Note, I had problems with this. You can email me if you try to replicate this and also have issues.

require(pdfetch)
sp <- pdfetch_YAHOO("SPY", fields="adjclose",
  from=as.Date("1993-02-09"), to=as.Date("2017-02-13"))

load('09.Rdata')

# Compute log returns
sp <- diff(log(sp))
# need to drop the initial NA which makes difficulties later
sp <- sp[-1]

#All but the last entry
sp.today <- head(sp,-1)
#All but the first entry
sp.tomorrow <- tail(sp,-1)
#Plot tomorrow versus today
plot(as.numeric(sp.today),as.numeric(sp.tomorrow),pch=20,col=rgb(0,0,0,.3))
#Add a nice horizontal line
abline(h=0,lty=3)

#Fit a linear model, see the coefficients
sp.linear = lm(sp.tomorrow ~ sp.today)
coefficients(sp.linear)

##   (Intercept)      sp.today 
##  0.0003685476 -0.0610859914

abline(sp.linear,col='grey',lwd=2)

We can fit a spline instead of a line:

#Fit a spline
sp.spline <- smooth.spline(x=sp.today,y=sp.tomorrow,cv=TRUE)
sp.spline

## Call:
## smooth.spline(x = sp.today, y = sp.tomorrow, cv = TRUE)
## 
## Smoothing Parameter  spar= 1.319928  lambda= 0.008680907 (12 iterations)
## Equivalent Degrees of Freedom (Df): 6.464913
## Penalized Criterion: 0.8201753
## PRESS: 0.0001372498

sp.spline$lambda

## [1] 0.008680907

#Plot the spline (and the other stuff)
plot(as.numeric(sp.today),as.numeric(sp.tomorrow),pch=20,col=rgb(0,0,0,.3),xlab="Today's log-return", ylab="Tomorrow's log-return")
abline(h=0,lty=3)
abline(sp.linear,col='grey',lwd=2)
lines(sp.spline,type='l',lwd=2,col='blue') # The spline

What happens if we play around with the \(\lambda\) parameter:

plot(as.numeric(sp.today),as.numeric(sp.tomorrow),pch=20,col=rgb(0,0,0,.3),xlab="Today's log-return", ylab="Tomorrow's log-return")
abline(sp.linear,col="grey")
lines(sp.spline)
lines(smooth.spline(sp.today,sp.tomorrow,spar=1.5),col="blue")
lines(smooth.spline(sp.today,sp.tomorrow,spar=2),col="blue",lty=2)
lines(smooth.spline(sp.today,sp.tomorrow,spar=1.1),col="red")
lines(smooth.spline(sp.today,sp.tomorrow,spar=0.5),col="red",lty=2)

Generate error bounds

We notice that the spline is steeper on the left than on the right!
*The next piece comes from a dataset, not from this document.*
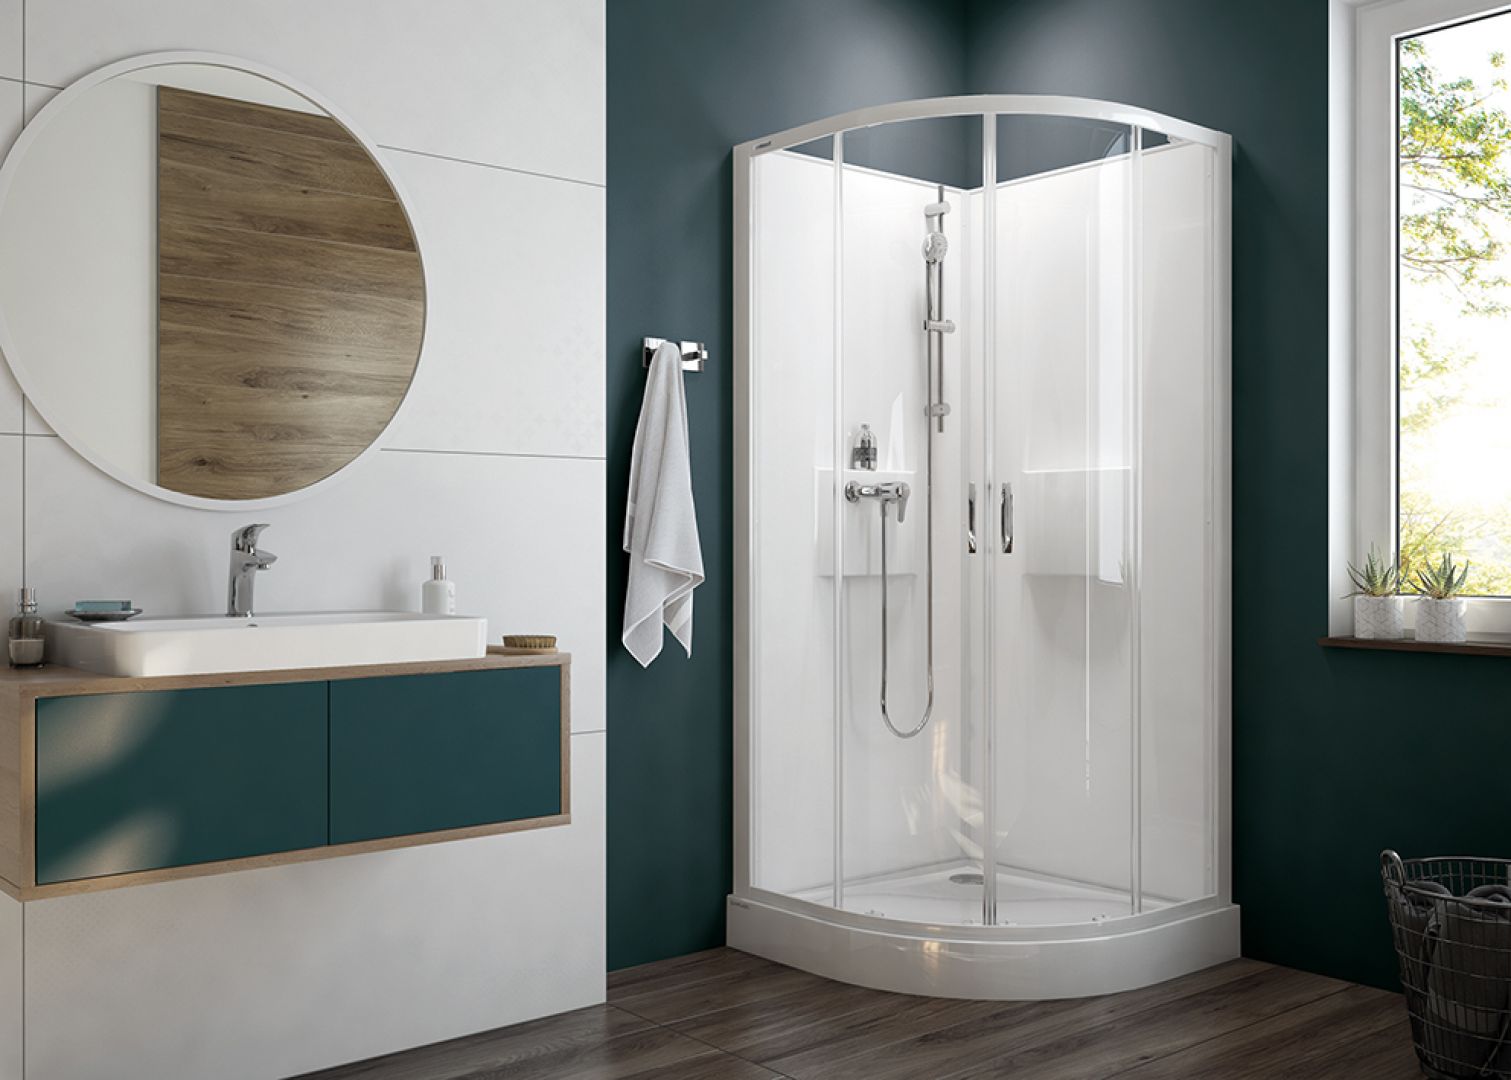 Seria Basic Complete to kompletne kabiny prysznicowe, które dostępne są w zestawach z brodzikiem. Cena: od 3.442 zł. Fot. Sanplast

Could this be sampling error? Let’s find bootstrap error bounds on the fit!

First, we build a resampling function to get bootstrap data sets:

# A data frame to hold our data.  Makes it easier to sample rows
sp.frame <- data.frame(today=sp.today,tomorrow=sp.tomorrow)
# A function to sample rows with replacement
sp.resampler <- function() {
  n <- nrow(sp.frame)
  resample.rows <- sample(1:n,size=n,replace=TRUE)
  return(sp.frame[resample.rows,])
}

We set up a function to evaluate predictions on an even grid

# Set up a grid of evenly-spaced points on which to evaluate the spline
grid.300 <- seq(from=min(sp.today),to=max(sp.today),length.out=300)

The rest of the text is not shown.